The idea is to make those decisions using the data administration provides. The data must be timely. Administration has the responsibility of providing the data as quickly as possible so you can move quickly and avoid problems. Our benchmark is 10 days after the close of the month.

Other Metrics of Importance

While revenue, gross margin, expenses and net profit are obvious, Plaskoff Construction also uses less obvious - but equally important - metrics that administration must provide: receivable days outstanding, average job size and cash position.

Receivable days outstanding means, on average, how long it takes to get your money from your clients. This is not only a cash question - it actually can measure client satisfaction, too. We believe that if our clients are happy, they pay quickly. If they're not happy, they most likely don't. We have found that getting honest survey information about client satisfaction during construction is difficult at best. But we have learned that if we finish projects and pickup on time and meet our schedules and quality and service goals, our accounts receivable days outstanding is about 18 to 20 days. When it climbs, we often find that failure to deliver causes it. Production can use this administrative metric to measure its success.

Average job size is another metric other departments can use. As discussed in the columns on sales and estimating, average job size affects many other measurements, including how many leads need to be generated, how many jobs need to be sold and how many proposals need to be written. We find that when our average job size drops below $250,000, all departments work harder for less. To maintain our revenue and profit goals, we need to estimate, sell, build and administrate more projects. This burdens everyone. Because the lead mix indicates what our average job size will be, we can go after larger projects when our job mix becomes undesirable. Administration updates us on our current average job size, and Sales can adjust.

We also track sold job size versus current job size and can monitor what our average job growth or "upsell" is. This helps Sales inform clients of what to expect and also tells us if our project managers are doing such a great job that our clients are buying more from us.

 

Administration Metrics Sheet
Financial
Budget
Actual
Deviation
Revenue installed
$667,000
$672,000
+$5,000
Gross margin installed
$165,000
$166,500
+$1,500
Total G&A per month
$110,000
$110,000
$0
Net operating profit
$55,000
$56,500
+$1,500
Accounts receivable DSO
20 Days
24 Days
+4 Days
Average job size
$250,000
$275,000
+$25,000
Cash position
$225,000
$150,000
-$75,000

Managing Cash

Finally, administration provides us with our cash position. You can be making all the money in the world, but if you can’t collect it, don't have it or are spending it too fast, you could find yourself unable to keep the doors open. You must pay your vendors, your employees and your bills. Cash has nothing to do with profit.

We manage cash weekly, not just monthly. I suggest you do the same. If you find cash tight, check your accounts receivable days outstanding or look at whether you are paying your bills too quickly. Now might not be the time to pay early and take discounts.

By the way, cash will lag revenue. In other words, high-volume installation will generate a great deal of costs. So recognize that you might have a large sum of cash in the bank this month but that next month you will pay for collecting that cash. This is a key leading and trailing indicator. Revenue and cash lead a high outflow the next month.
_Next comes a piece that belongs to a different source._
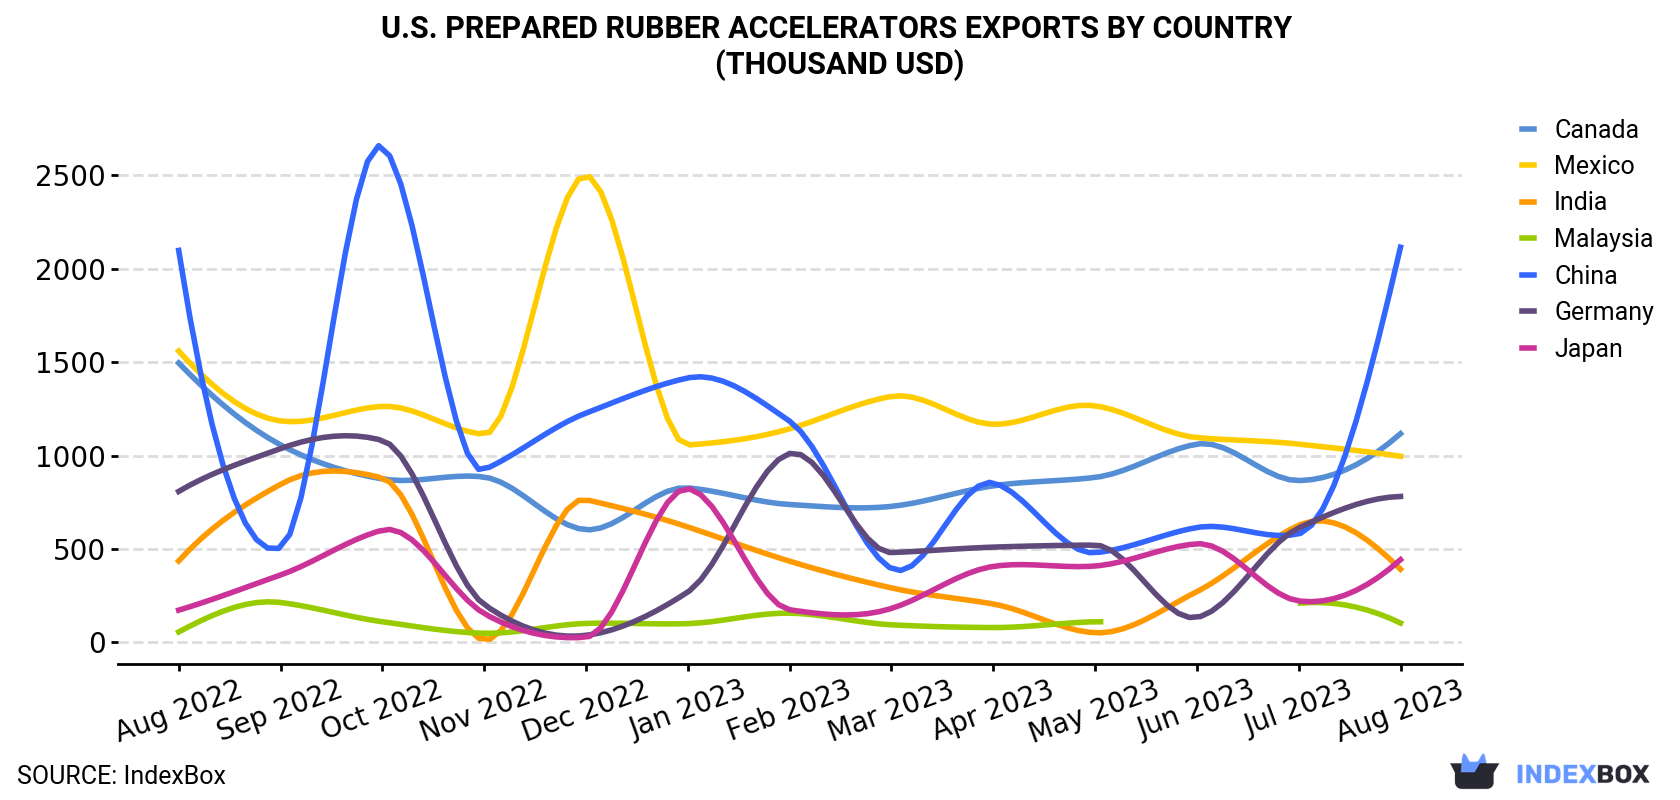 U.S. Prepared Rubber Accelerators Exports By Country (Thousand USD)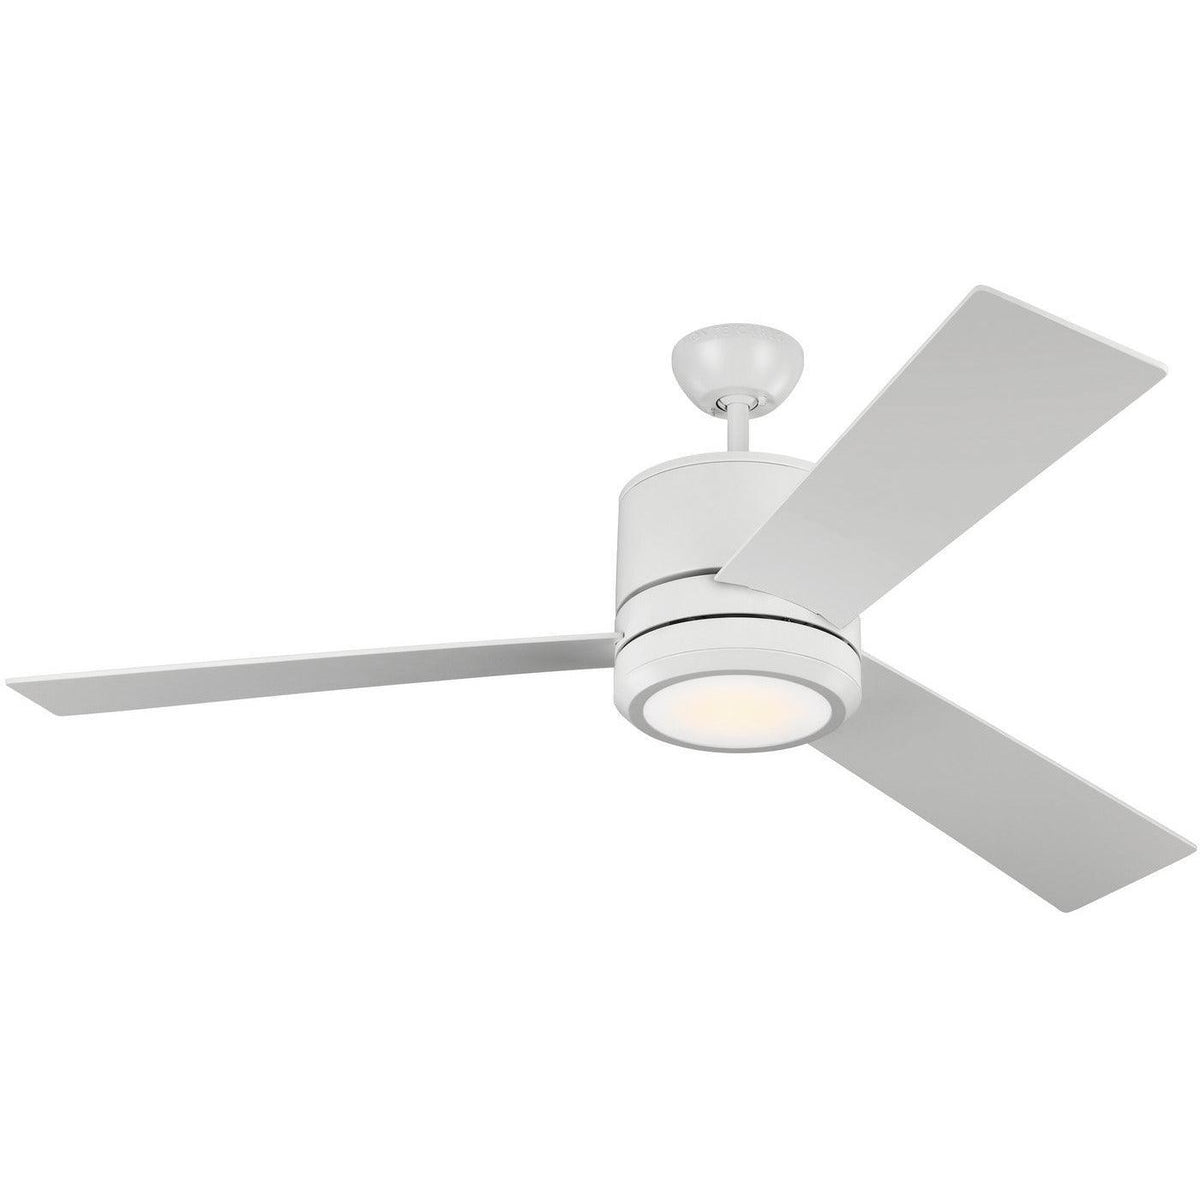 Visual Comfort Fan Collection - Vision Max 56" Ceiling Fan - 3VNMR56RZWD-V1 | Montreal Lighting & Hardware

A high outflow in a month is a trailing indicator of previously high revenue and cash.

Measuring Success

We've talked about how administration can provide metrics for us to use to manage our business, but we really haven’t touched on how we measure administration’s success. How does Plaskoff Construction measure that? We think that if we receive accurate, timely financial statements within 10 days of the close of a month and weekly metrics and forecasts, administration has done its job. We also think that if accounts receivable days outstanding runs low, administration is collecting. Finally, if our cash position is good, administration is managing cash appropriately.

Be sure to reward your administrative department. Although it does not directly generate profit or sales, it’s clearly an indispensable part of your team.